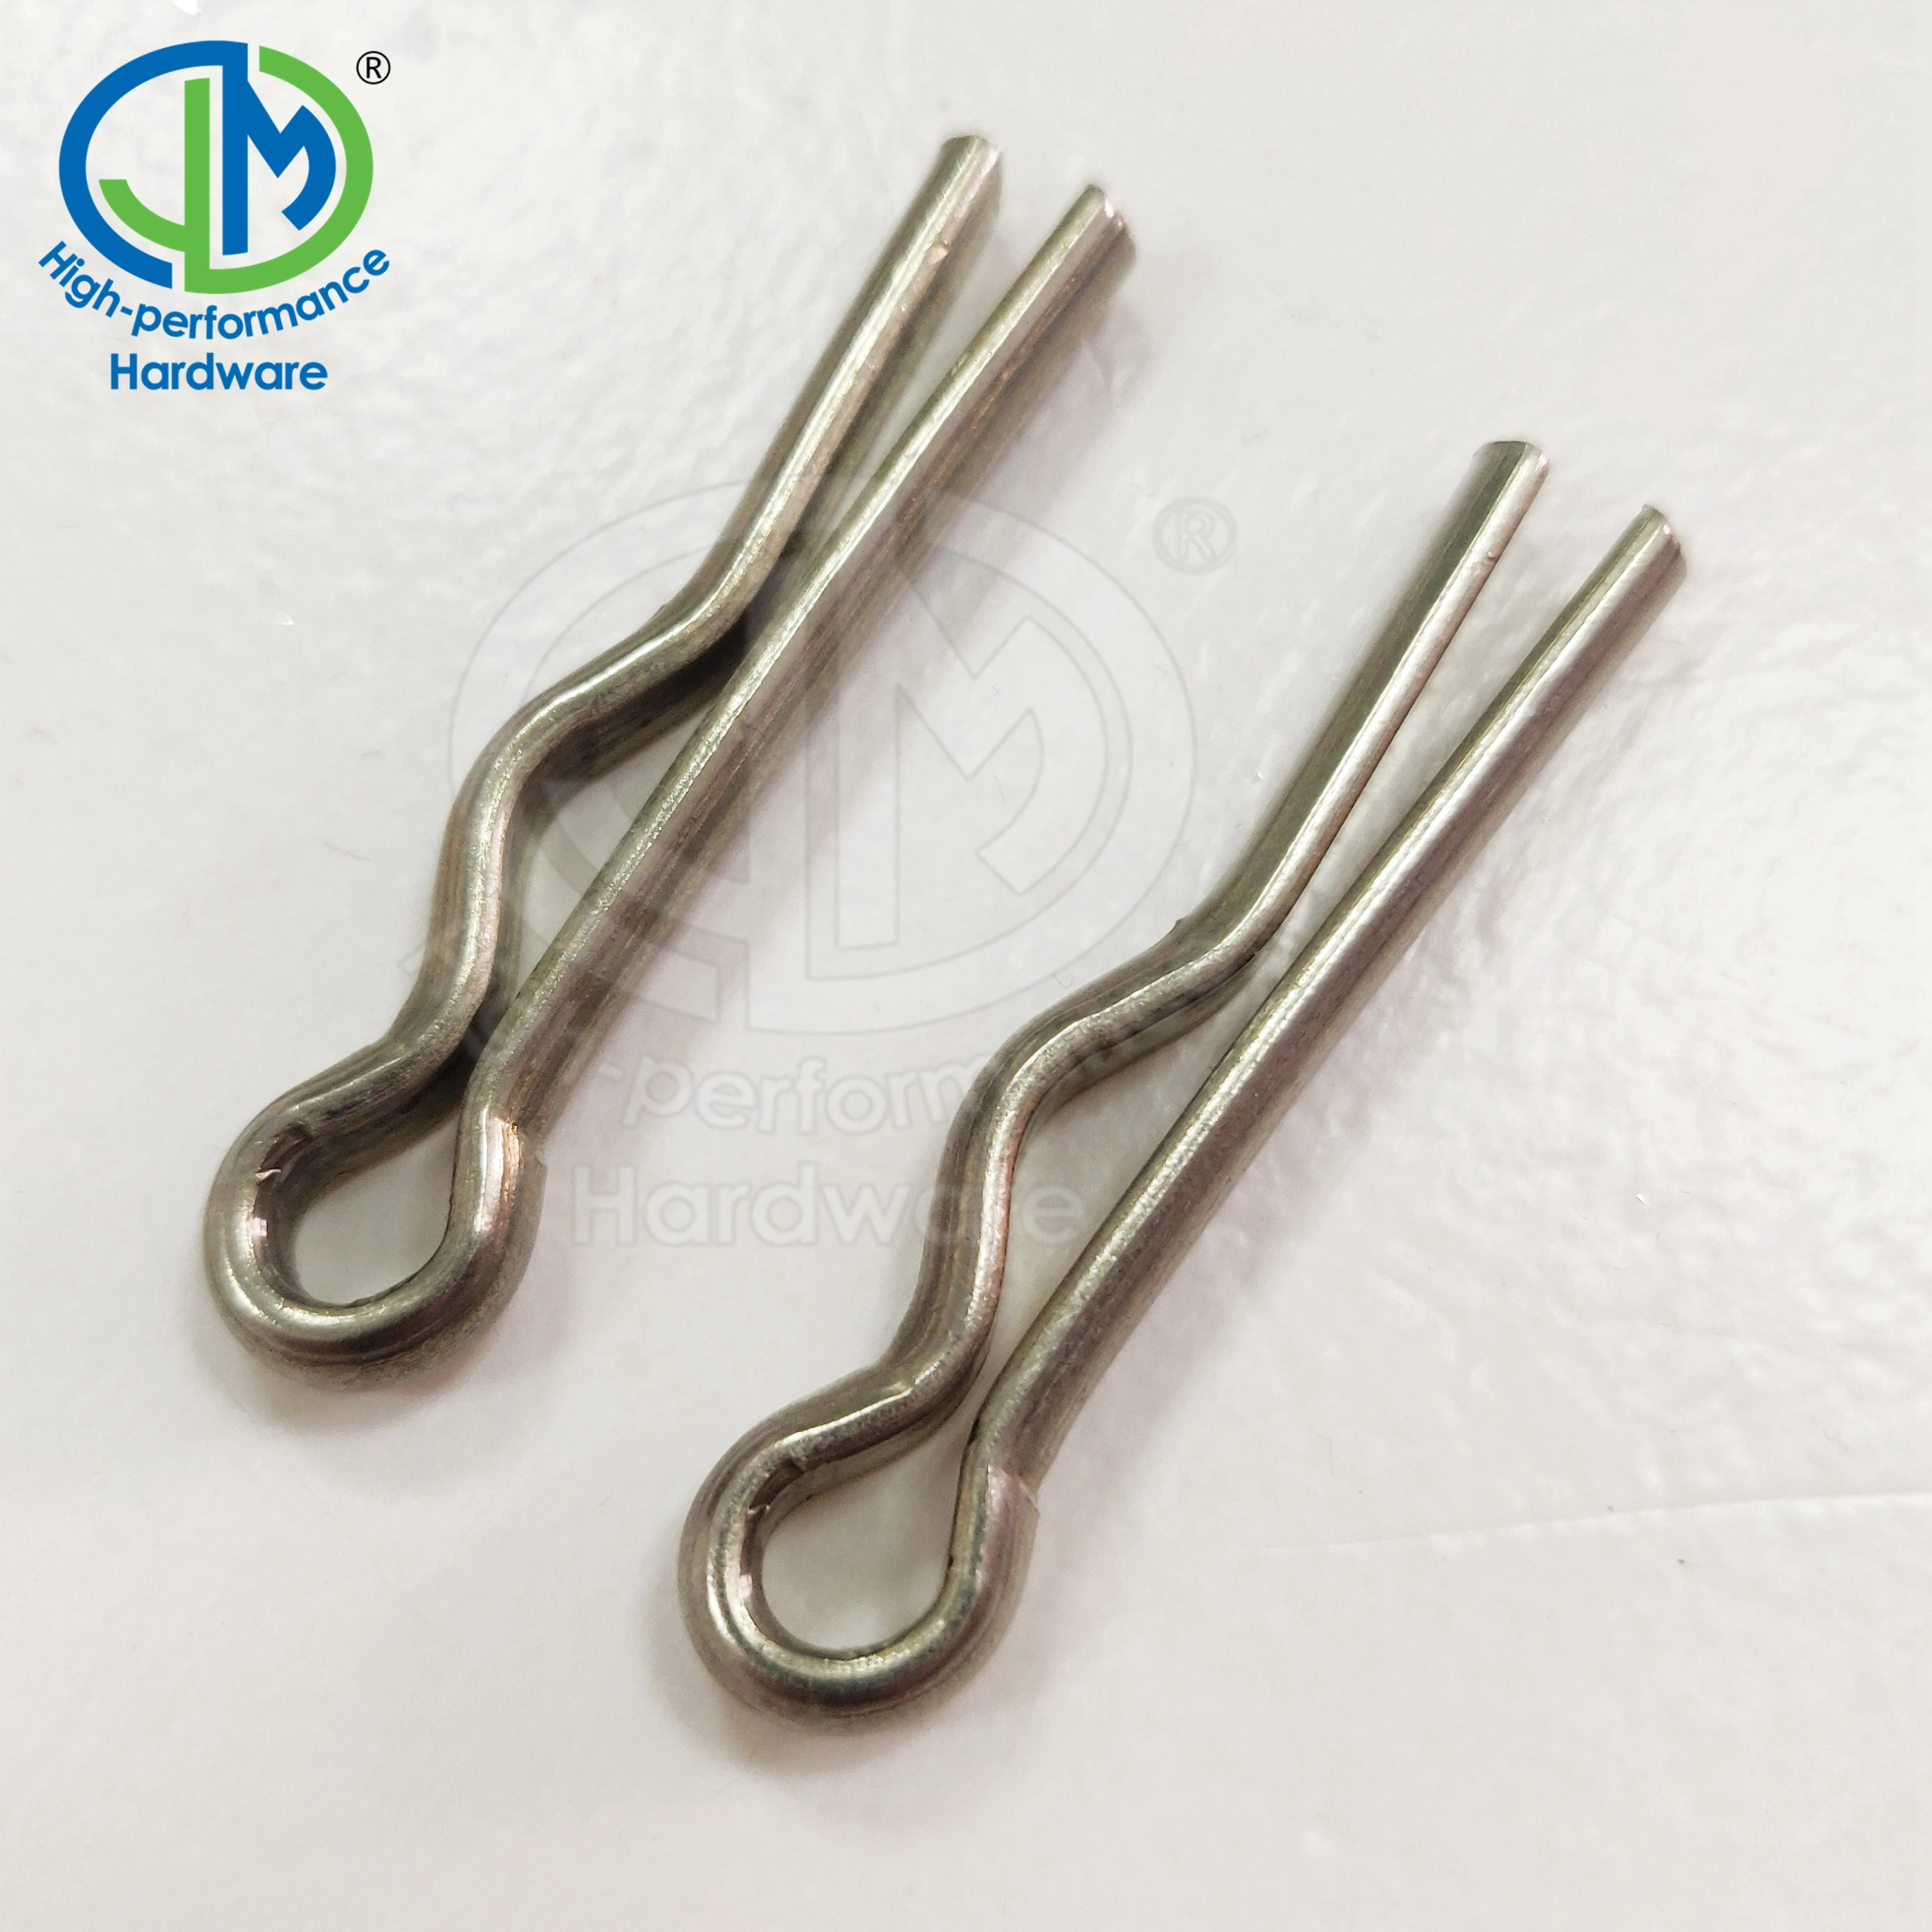 Trickle media reputation R Type Cotter Pin Used To Lock Clevis Pins And Slotted Nuts - Buy R Pin,R  Type Cotter Pin,R Pin Machine Product on Alibaba.com
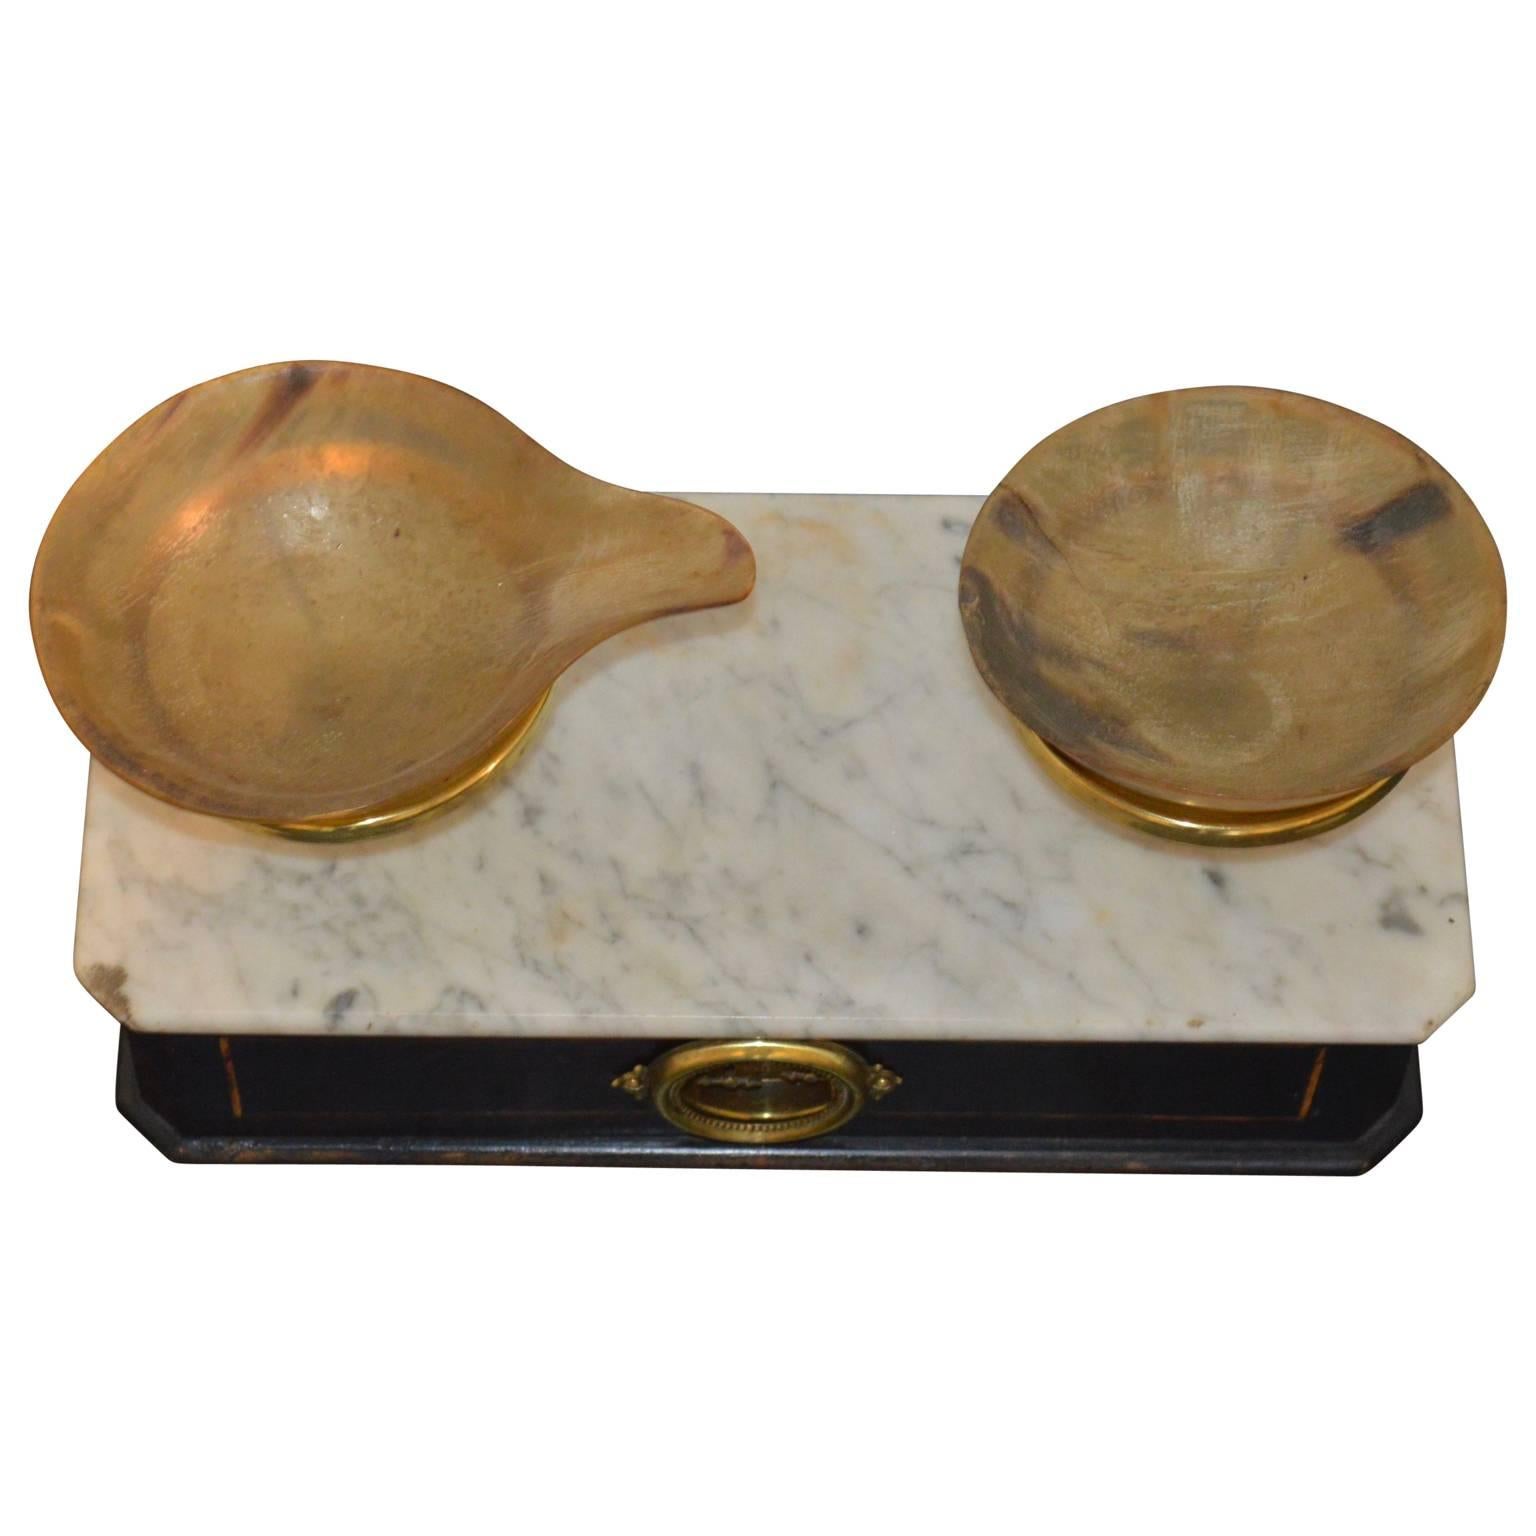 Napoleon III 19th Century Apothecary or Pastry Weight with Horn Bowls
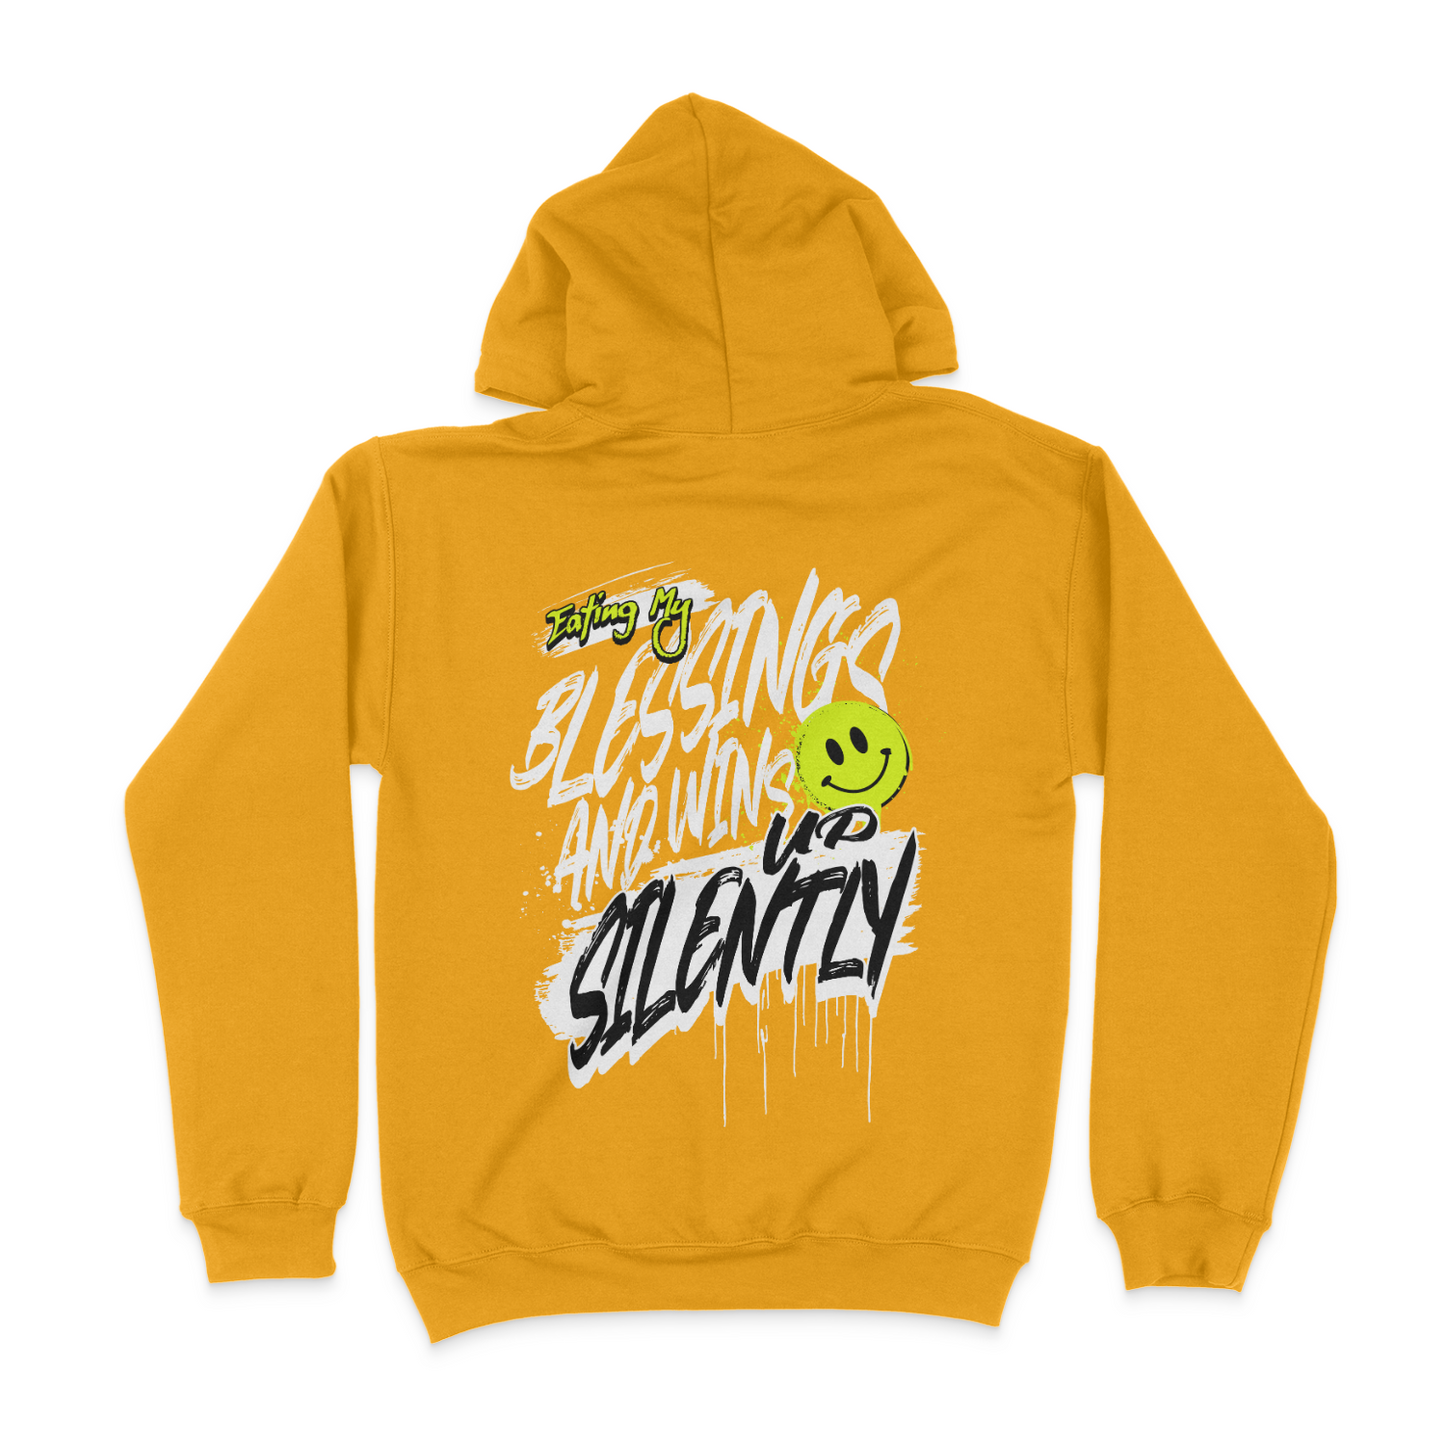 Eating My Blessings And Wins Up Silently Graphic Unisex Hoodie

Description of the task ->
What you produce should repeat the data word for word while omitting all images.

Completed task ->
 Trickle media reputation R Type Cotter Pin Used To Lock Clevis Pins And Slotted Nuts - Buy R Pin,R  Type Cotter Pin,R Pin Machine Product on Alibaba.com
 Napoleon III 19th Century Apothecary or Pastry Weight with Horn Bowls
 Eating My Blessings And Wins Up Silently Graphic Unisex Hoodie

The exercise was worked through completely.